# wheel lock out problem



## JoeZ (Nov 16, 2018)

I have an ancient Craftsman from 2001. The 11 HP 30"- Model536-881112


It came with a wheel lockout on the left wheel. The problem is that although it seems to be locked position - when I'm pushing a lot of snow and the machine is struggling to advance- I notice that the right wheel will start spinning due to the resistance of too much snow- but the left wheel isn't turning at all- which makes me think that the lock out is always not working. I'll notice that the "disc wheel" (as it's described in the parts section of the manual) is turning- but the wheel isn't engaging with it. But, when I'm not moving the machine, it sure looks like the lockout pin is in one of those holes. So, I'm concluding I'm never getting any traction from that wheel. So, somehow, the disc wheel isn't engaging with the wheel.

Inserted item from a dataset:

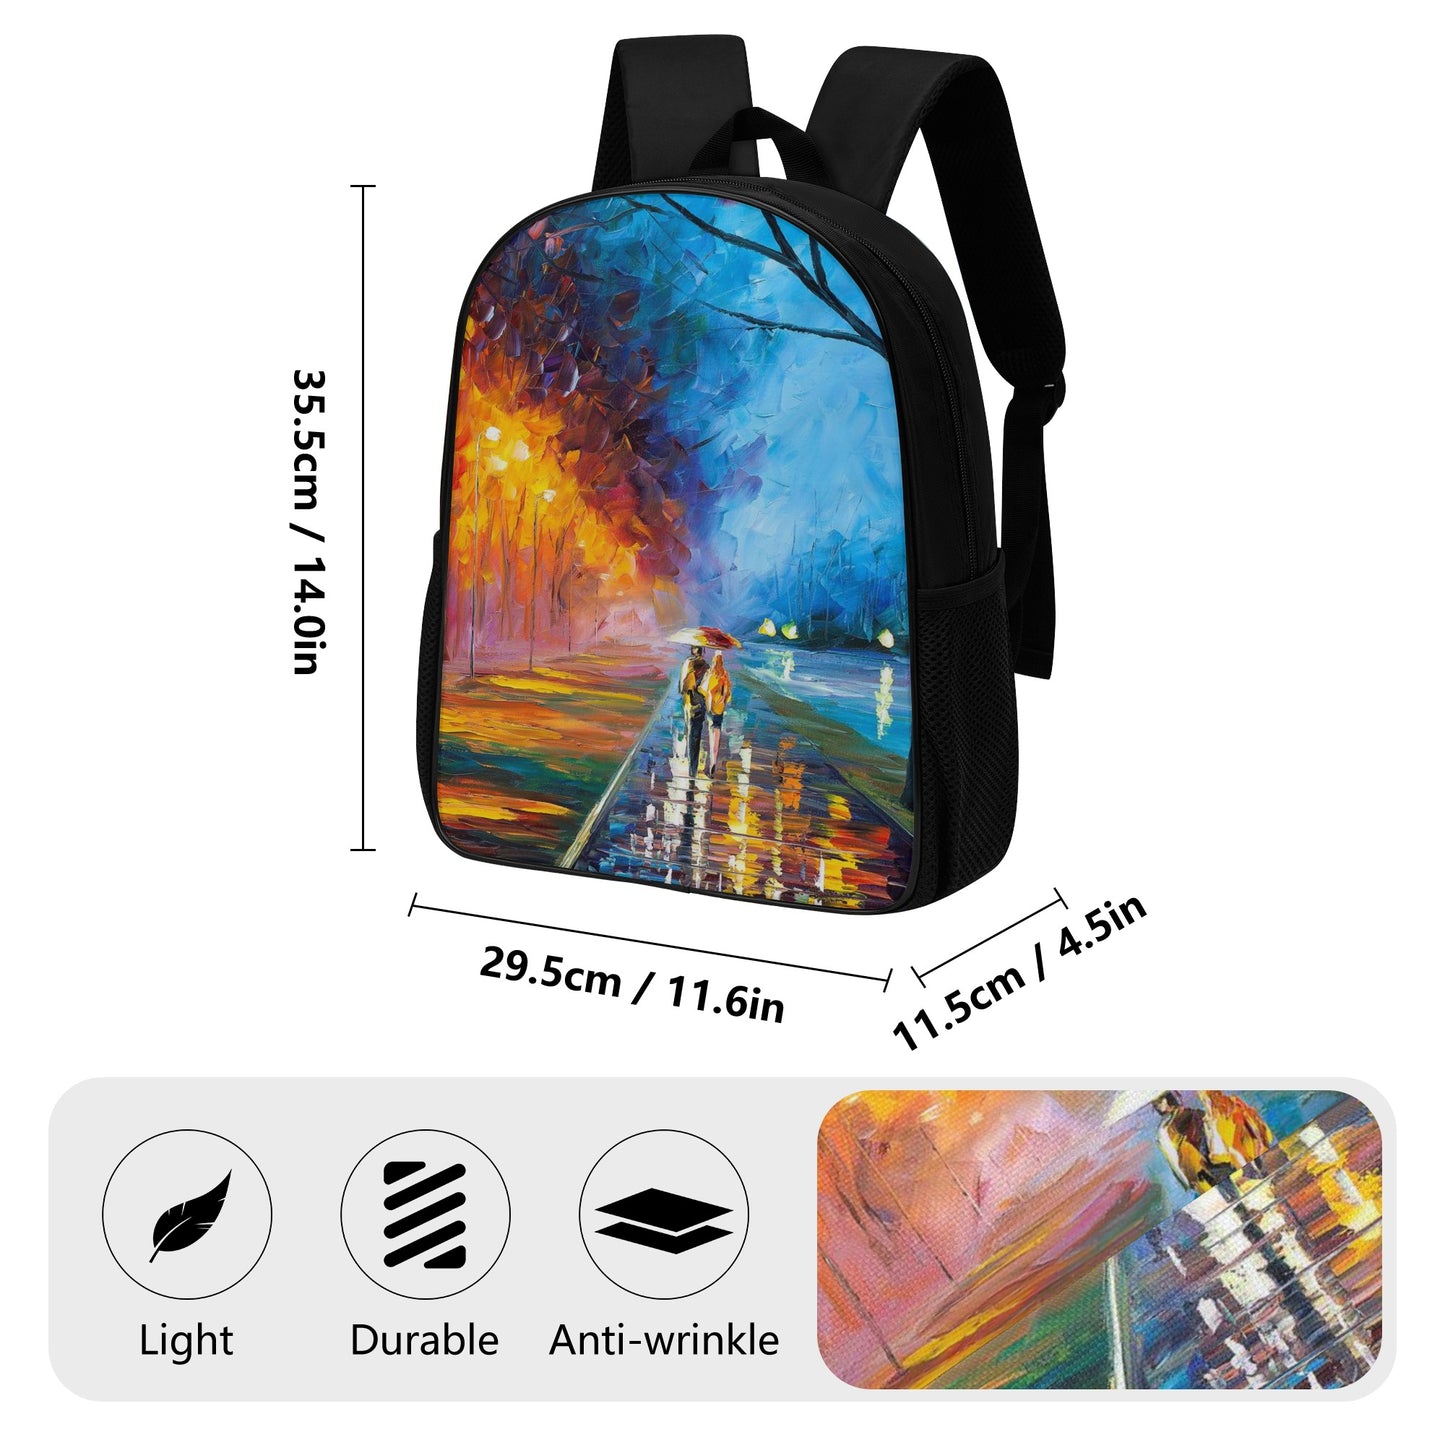 14 Inch Nylon Backpack Afremov ALLEY BY THE LAKE

I'm a mechanical idiot- always have been. I don't get mechanics.


I don't get how the disc wheel, when the lockout pin is in the locked position- make the wheel turn. Just by the pressure against the wheel?



So, here's a idiotic question- are both wheels supposed to have power? Or is it just that when the machine is pushing hard against too much snow - and the other wheel is spinning- the left wheel is supposed to not engage with the disc wheel? Is it supposed to slip?


Also, and maybe most significant, is it OK to removed the entire wheel lockout mechanism?



I would be thrilled if anyone here can enlighten me on this.


thanks,
Joe


----------



## Xilbus (Nov 30, 2018)

Hi Joe, I just joined the forum and I think I had the same issue as you. My left wheel was not locked in order to help turn the machine. But that gave me huge traction issues in snow. My right wheel would spin in butter and my left would just stand there. I fixed the issue by locking the left wheel on the shaft. If you turn your left wheel you will see a drilled hole. Place a pin in there and it will lock your left wheel for more traction


----------